THE TASK —
Report every line below that holds the word "Unity".

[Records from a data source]
☆ ☆ ☆

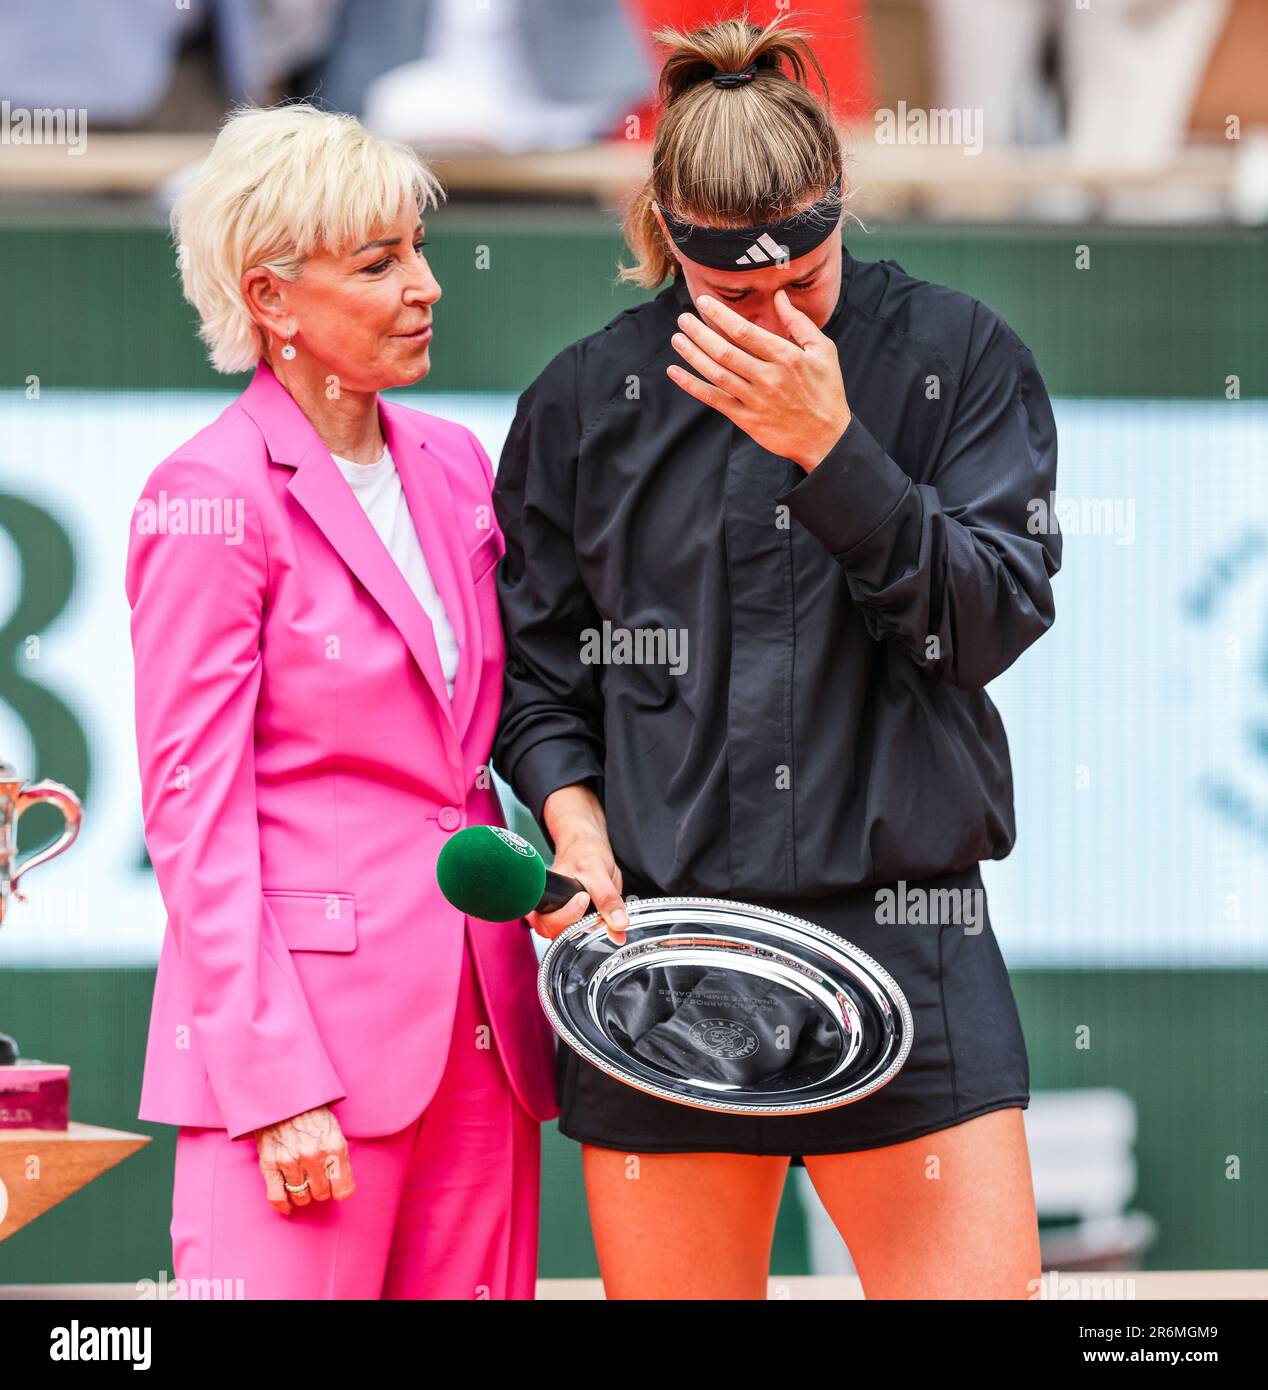 Paris, France. 10th June, 2023. Tennis player Karolina Muchova (CZE) and Chris Evert at the 2023 French Open Grand Slam tennis tournament in Roland Garros, Paris, France. Frank Molter/Alamy Live news Stock Photo
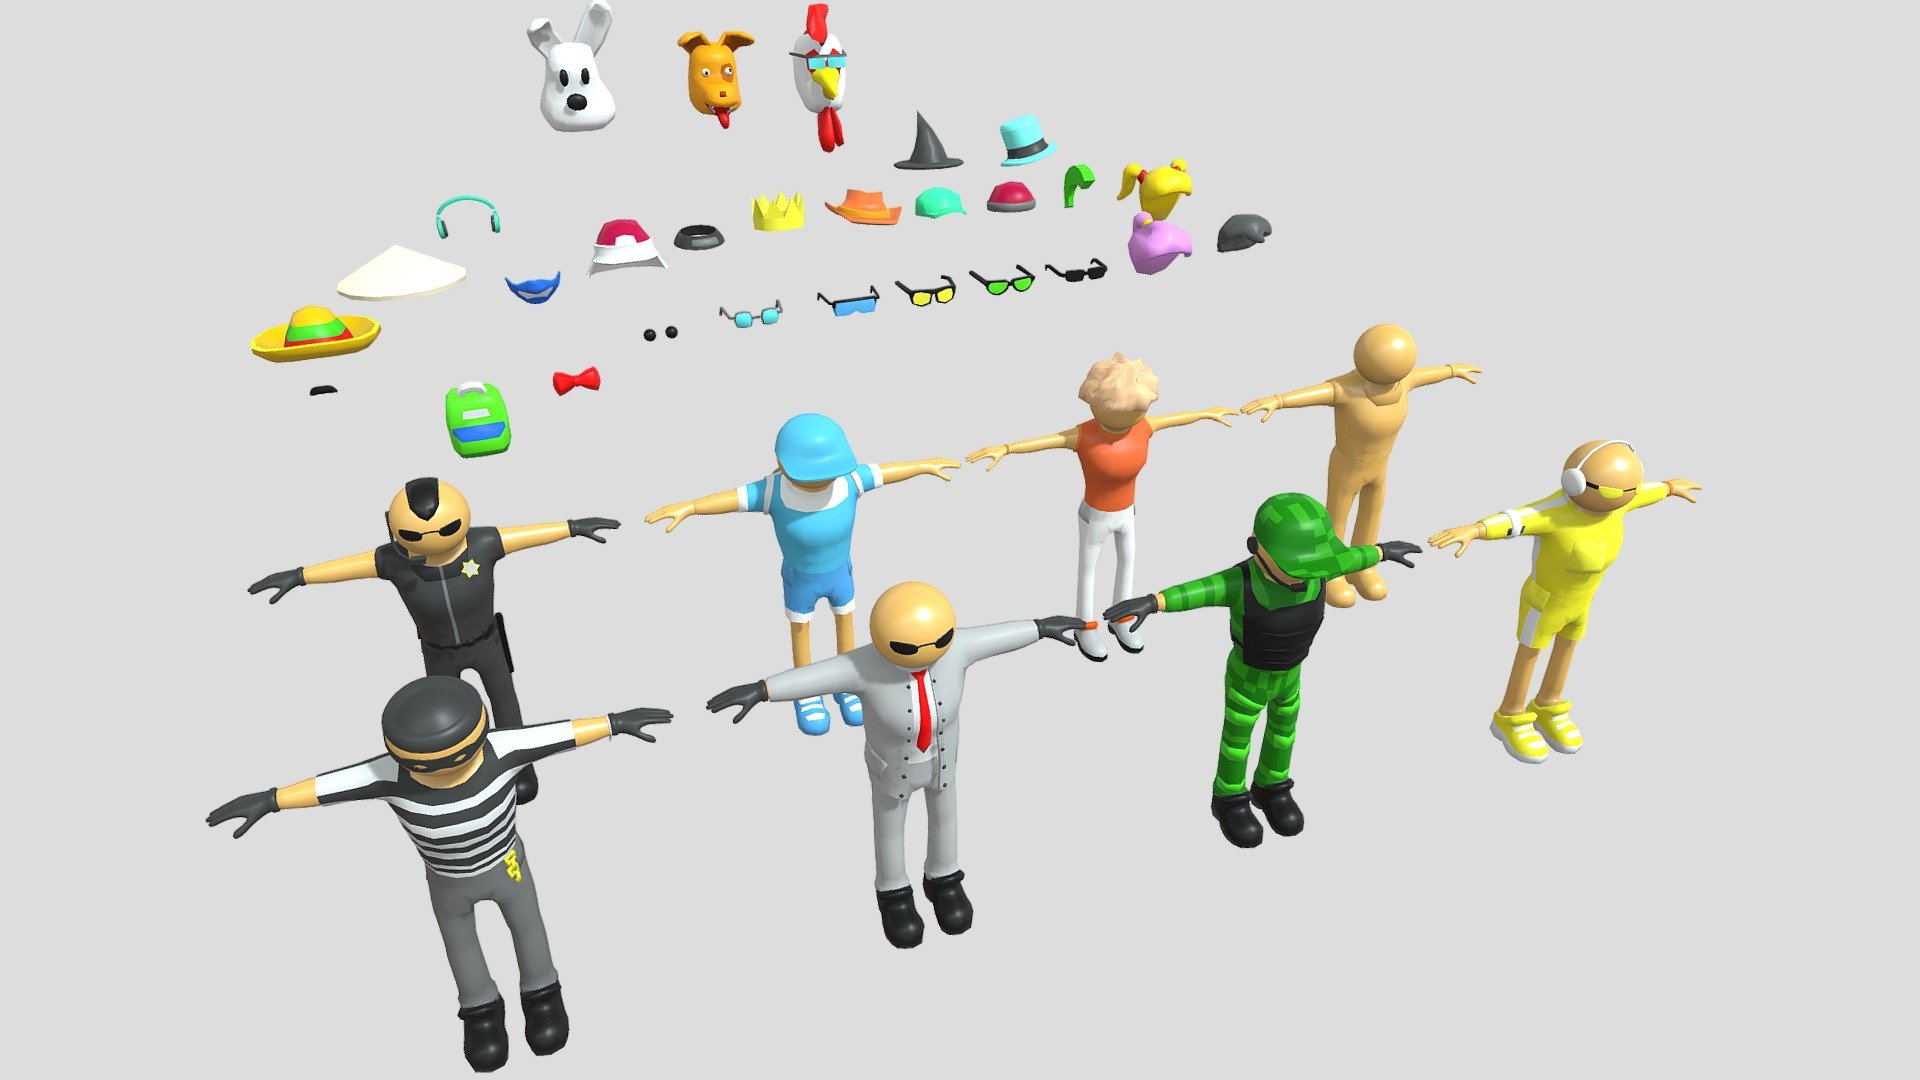 3D costumed character set with interchangeable body parts, animation bones and Ragdoll

Package constructor of low-polygonal characters with bones for animation. All parts of the character are interchangeable, you can change the character’s arms, torso, legs, etc. Characters configured to work with Mixamo (animations are not included in this package) Each character has regdoll animation customized

The zip archive contains the following files: 
Unity. 
Blender. 
FBX. 
Textures

Package includes:

Characters - 10 pcs Headwear - 15pc Glasses - 9pc Hair - 5pcs Animal masks - 3pcs Accessories - 8pc

Bones ready for Mixamo animation

Ragdoll

Character Builder

Technical details:

All models use the same material and texture (as a color palette) resolution: 128*128 px. Leather texture has its own material and can be changed. The average model has 2-4k faces.

Created by Deslab - 3D Costumed Character Pack Low Poly Unity - Buy Royalty Free 3D model by Deslab (@kama12) 3d model

☆ ☆ ☆

YOUR SOLUTION —
Unity. 
Created by Deslab - 3D Costumed Character Pack Low Poly Unity - Buy Royalty Free 3D model by Deslab (@kama12) 3d model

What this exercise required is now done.